Фердуева растопырила пальцы перед собой: показалось, что на ногте безымянного правой руки облупился лак, нет, порядок.
- Подворовывал по мелочам... там тяпнет и в кусты, там откусит и затаится. По мелочам, а тут поток... разница? Плечи расправляются у человека. Все талдычат про достоинство. Цену должен иметь человек. Хоть на части меня режь, никогда не поверю в достоинство нищего.
- Это факт. - Помреж поднялся. - Я не нужен?
Фердуева раскрыла сумочку, вытащила три серо-коричневые, протянула Ваське.
- Не надо, - неуверенно возразил Помреж.
Фердуева, не слушая, воткнула деньги в карман сменщика Почуваева и кивнула - иди.
Через минуту в пустом зале со знаменами по углам и вымпелами по стенам, перед вазой с розами сидела женщина, будто с обложки журнала, и водила остро очиненным карандашом по белому листу бумаги. На дне давно остывшего стакана чая залегли чаинки. В дальнем конце зала открылась дверь, и Фердуева увидела двоих незнакомцев. В этот момент погас свет.
Филипп Рыжий разгадывал кроссворд, когда появился Дурасников.
- Трифону Кузьмичу мое с кисточкой!
Дурасников тяжело опустился в кресло.
- Ты чего? - осведомился Филипп.
- Так заглянул. - На сером, липком на вид лице зампреда лежали глубокие похмельные тени, похоже, начальник с трудом сдерживал внутреннюю дрожь.
Филипп вернулся к кроссворду: пусть Дурасников сам лепит разговор, не Филипп к оберторгу явился, а напротив...
В комнату заглянул человек в форме подполковника милиции, Филипп поднял глаза, офицера сдуло, будто сухой лист.
- В строгости держишь, - со знанием дела уронил Дурасников. Оценил служебное соответствие: если перед дверью кабинета у подчиненного не начинает пупок развязываться, что ты за начальник?..
Филипп никак не мог разгадать нужное словцо, на окаянном все замыкалось, дело застопорилось.
- Слушай, - решил облегчить участь Дурасникова Филипп, - слово из трех букв на ха начинается.
- Ты что? - оскорбился зампред. - Нашел мальчика!
Филипп засиял, выкрикнул:
- Мальчик, мальчик! Хор мальчиков Свешникова. Хор! Вот оно слово, принялся с школярской старательностью вписывать буквы в клетки.

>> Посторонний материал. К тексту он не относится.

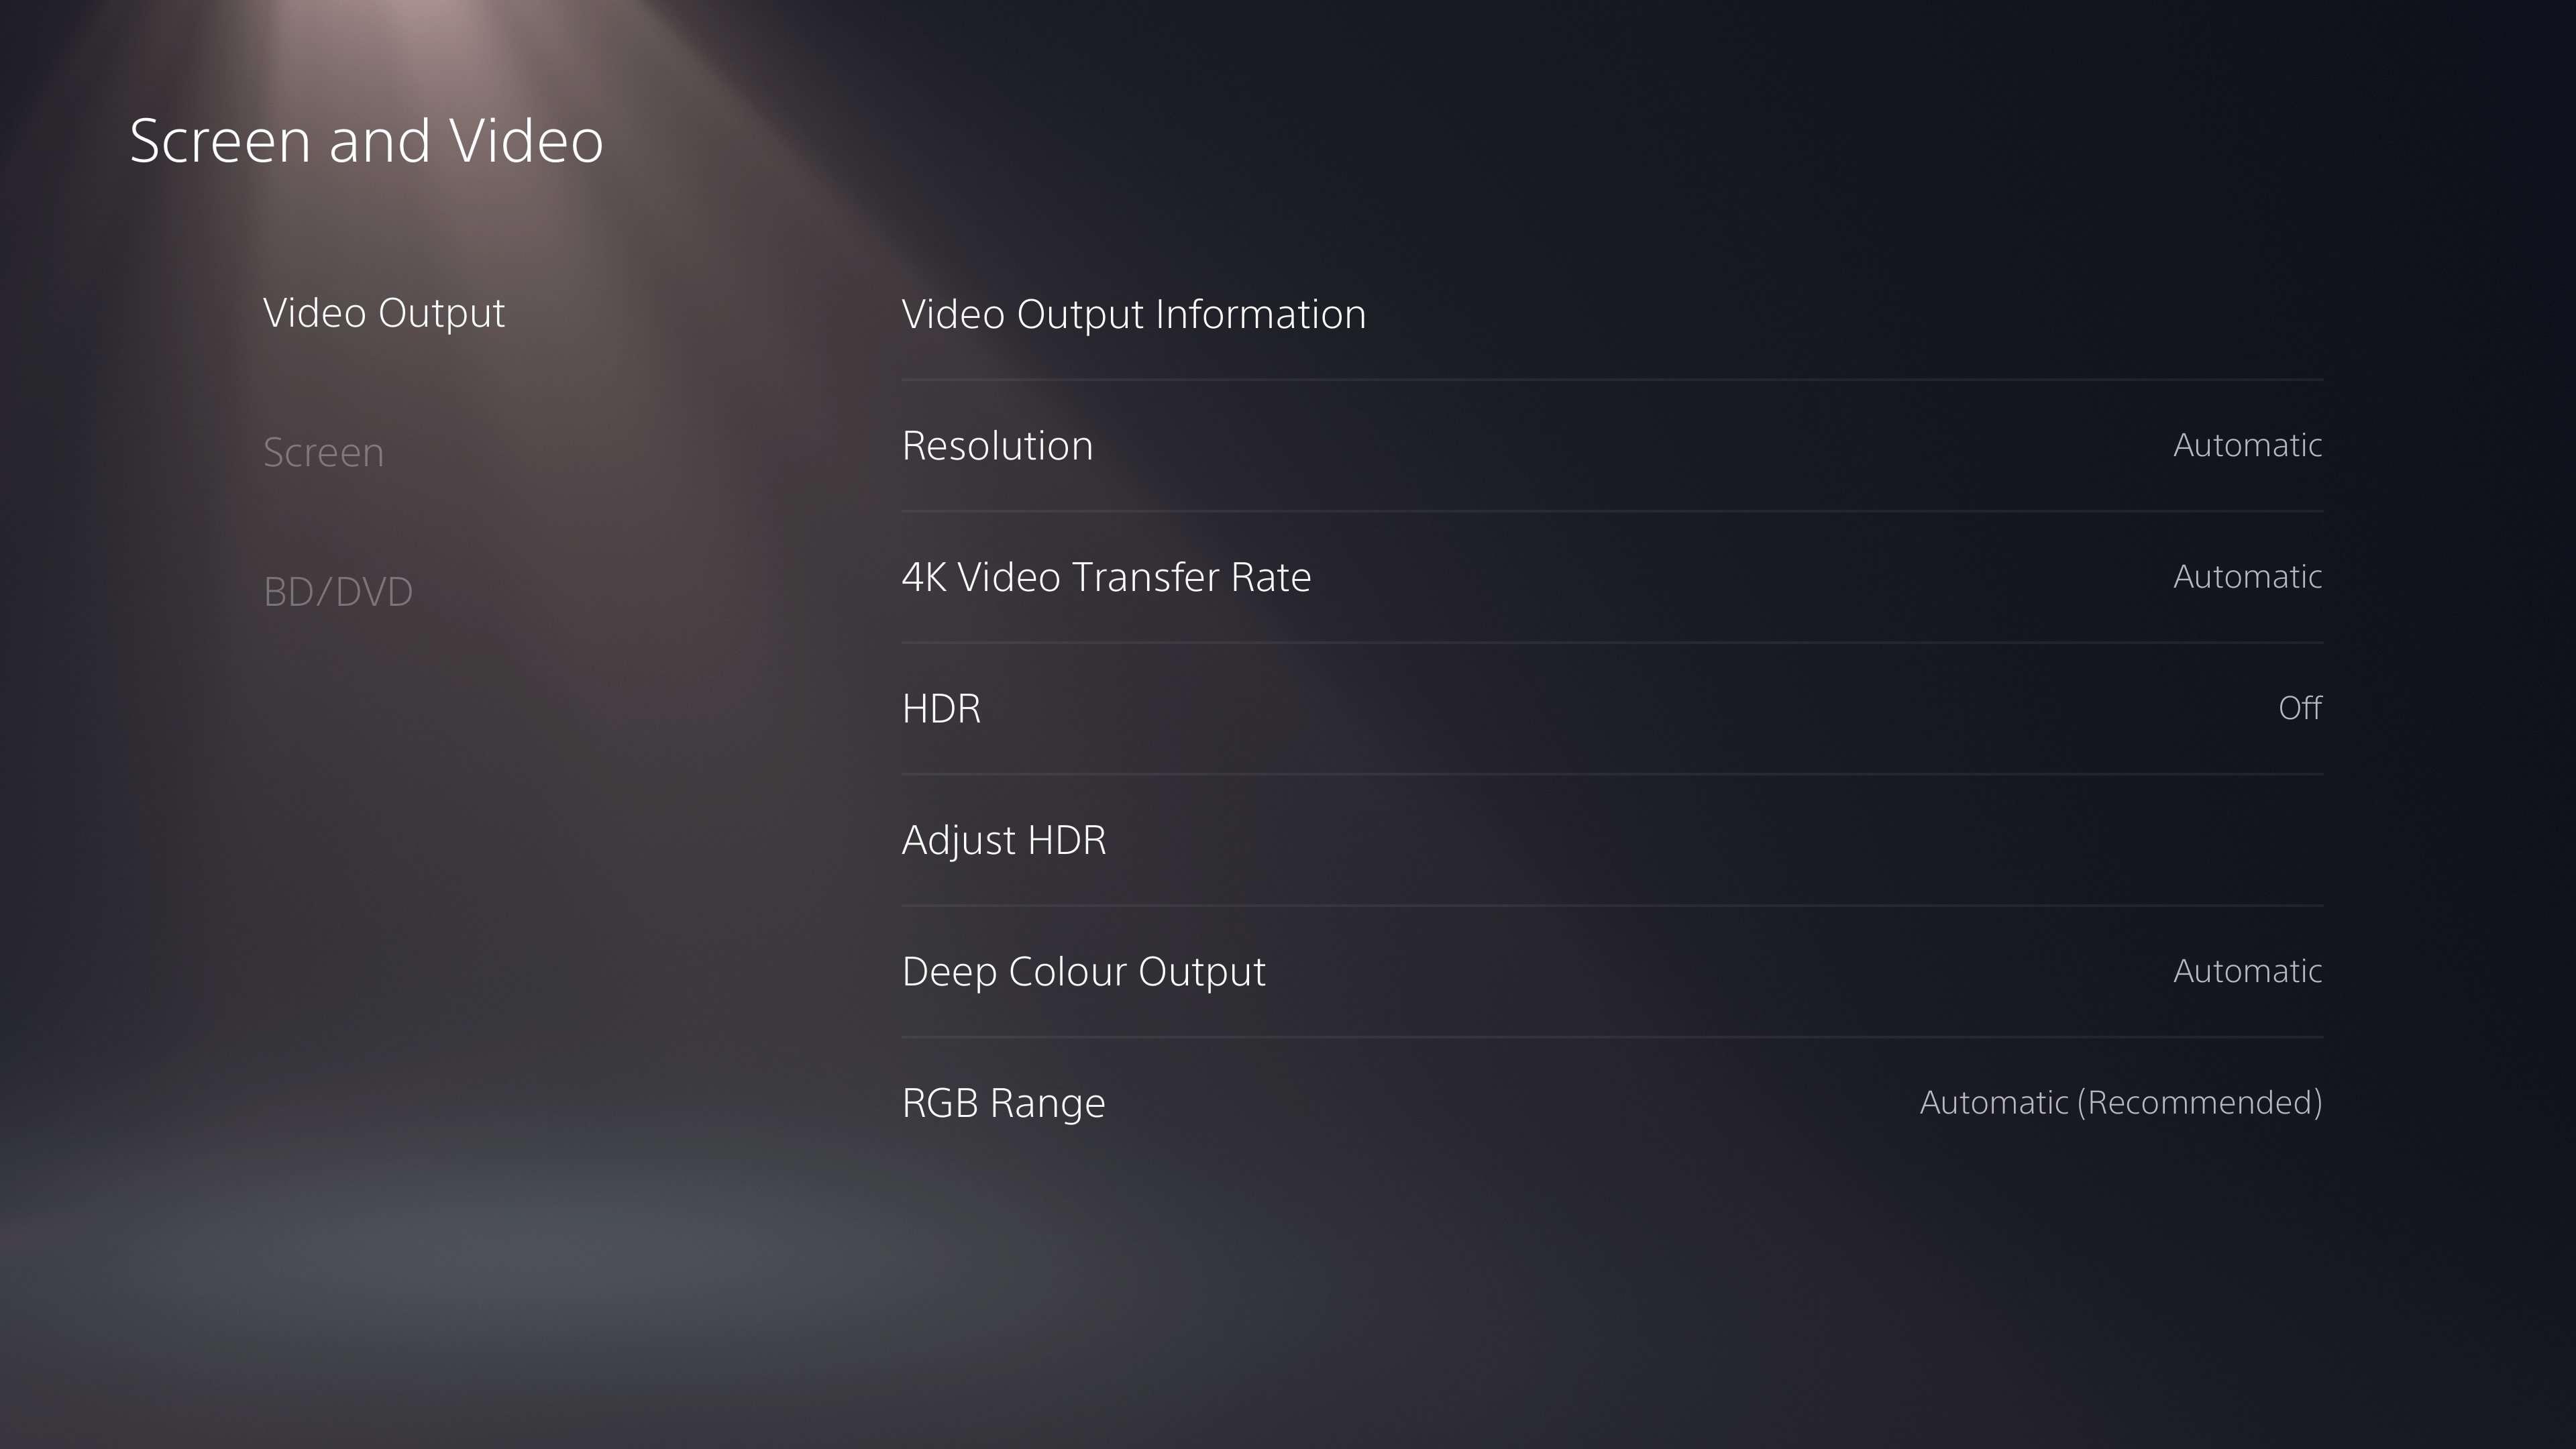 Screen and Video options in PS5 settings menu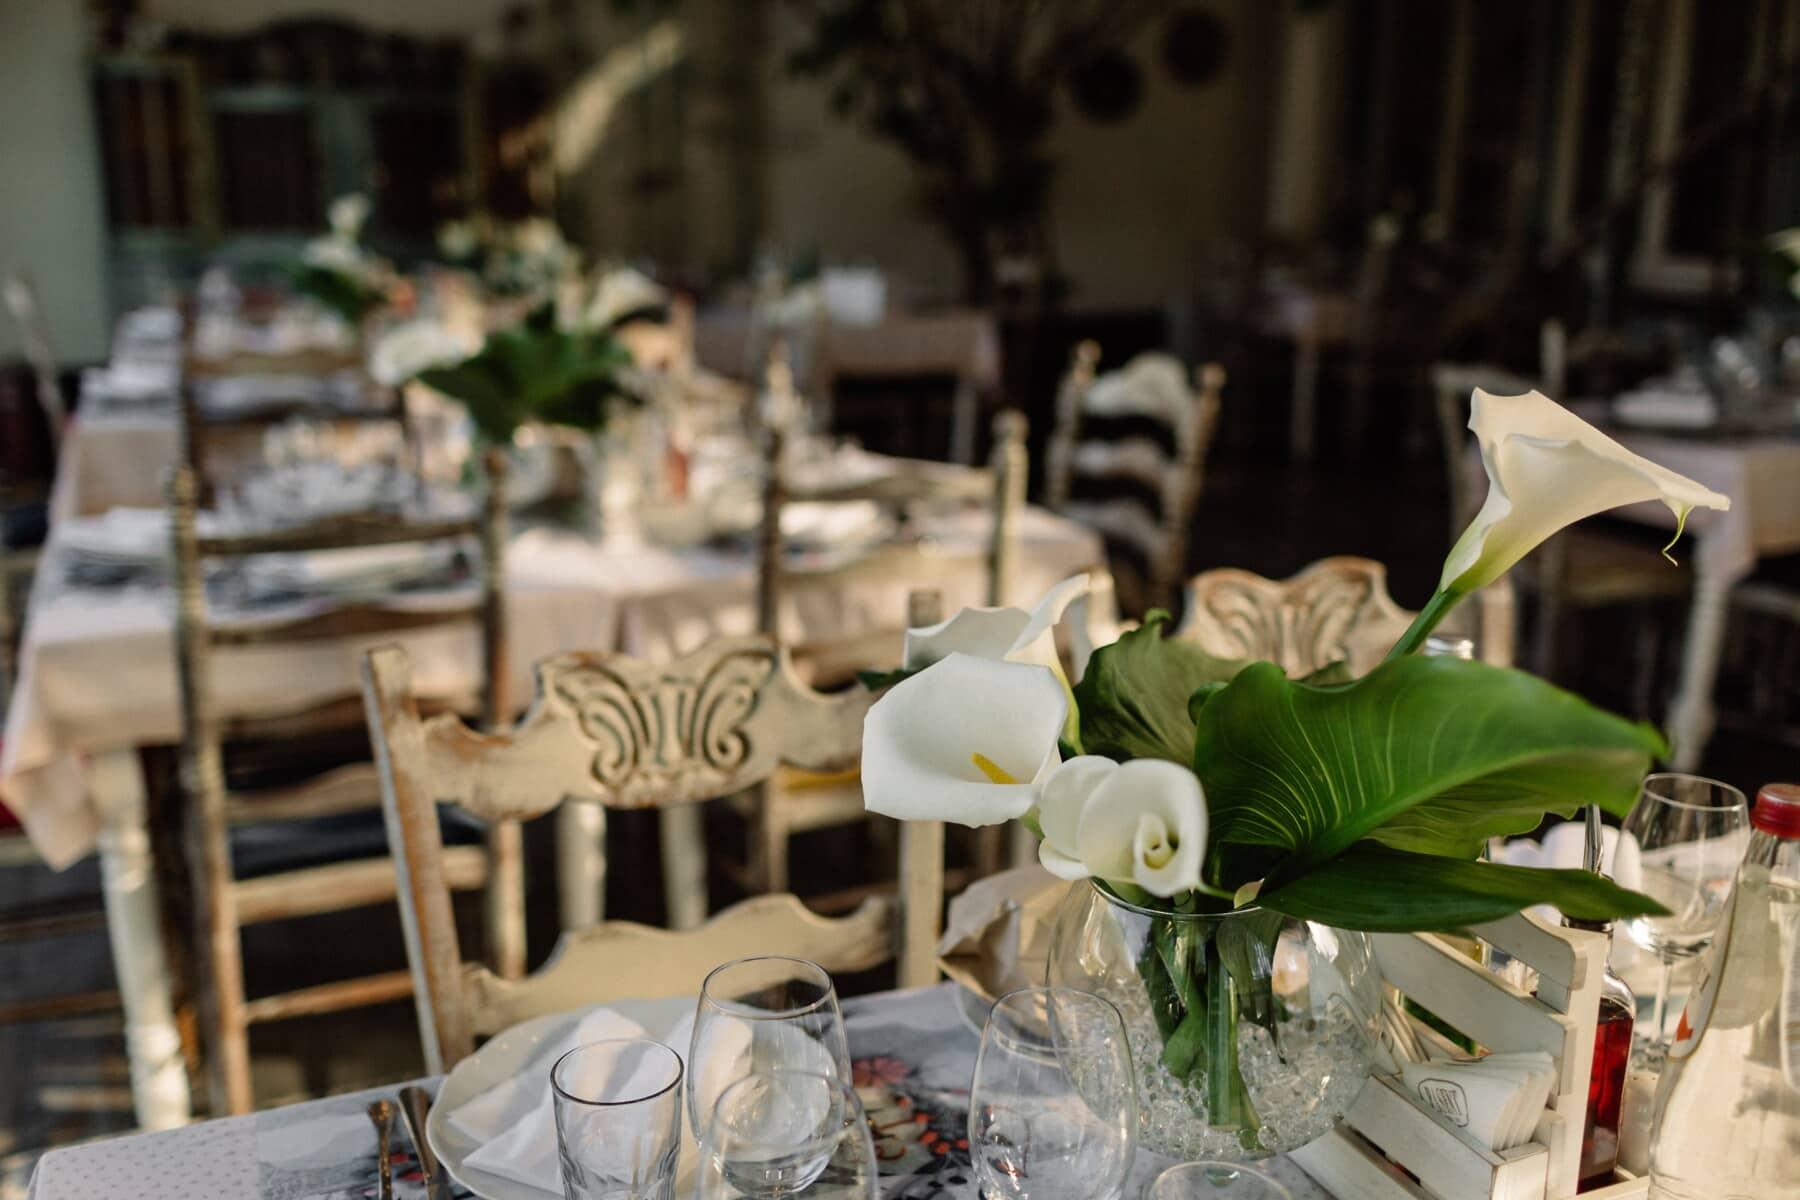 cutlery, dinner, table, restaurant, dining, hotel, tableware, silverware, chair, interior design

Дурасников знал, что у Филиппа всегда припасено, озирался по сторонам, старался определить, где Филипп ховает горячительное: три сейфа, два шкафа и еще в углу столик с ящиками, на коем пепельница и гравированный щит с мечами. Филипп потер руки.
- Все! Расколол орешек! Хор! Ишь ты. Про меня еще в молодости говорили. Всегда расколет! Никто упираться не моги...
Дурасников потупился. Филипп заметил тень неудовольствия, сразу понял суть, рискнул объяснить:
- Небось, думаешь, руки выкручивал? Эх, вы! Руки не распускал, не доходило. Сами оговаривали, ей Богу, оторопь брала. Ты ему соломинку, мол, так ли все? Может, перехлест? Пережим? Подумайте. А подследственного, гляди, как плотину прорвало, видит, что ты радуешься признанию, вроде и сам обвиняемый не нарадуется вместе с тобой. Примечаете, гражданин начальник, как я вам подмахиваю?! Находились, конечно, упиральщики-молчуны, но редко, да и сколько ни упирайся силы-то вытекут, вот в чем фокус. Так что руками махать нужды нет. Ну то в мои времена, а раньше, конечно... - Филипп наблюдал за блуждающим взором Дурасникова. Триша, кормилец, ты никак с нутряным жаром пожаловал, а я, нехристь, мучаю доброго человека всячиной да лясы точу попусту. - Коротконогий Филипп неожиданно резво вскочил и скомандовал.
- Закрой глаза! - Дурасников покорно закрыл. Через минуту перед зампредом золотился содержимым чуть не доверху наполненный стакан. Сквозь серость кожи щеки Дурасникова расцветило азартом, предвкушением спасительного. Рука неуверенно, будто Дурасников опасался, не растаяло бы видение, поползла к стакану. Филипп отдал короткие команды по телефону и вернулся к похмельной игре, не без умиления наблюдая за дурасниковскими корчами.
Трифон Кузьмич страшился тонкости стакана, не раздавить бы ненароком, хватанешь с лишним жимом, пиши - пропало, ласково охватил стакан, стеклянные стенки едва не выскальзывали из неверных пальцев, поднес к губам, всем телом прянул навстречу желтому ободку по краю, ноздри щекотнуло крепостью хмельного, коньячным духом обожгло небо, защипало веки. Дурасников с маху опрокинул стакан и... будто из бочки выбили деревянную затычку: силы и соки хлынули во все закоулки дурасниковского тела, взор засверкал, плечи расправились, Дурасников даже глянул не без недоумения на Филиппа рыжего, будто не его стараниями возродился к жизни.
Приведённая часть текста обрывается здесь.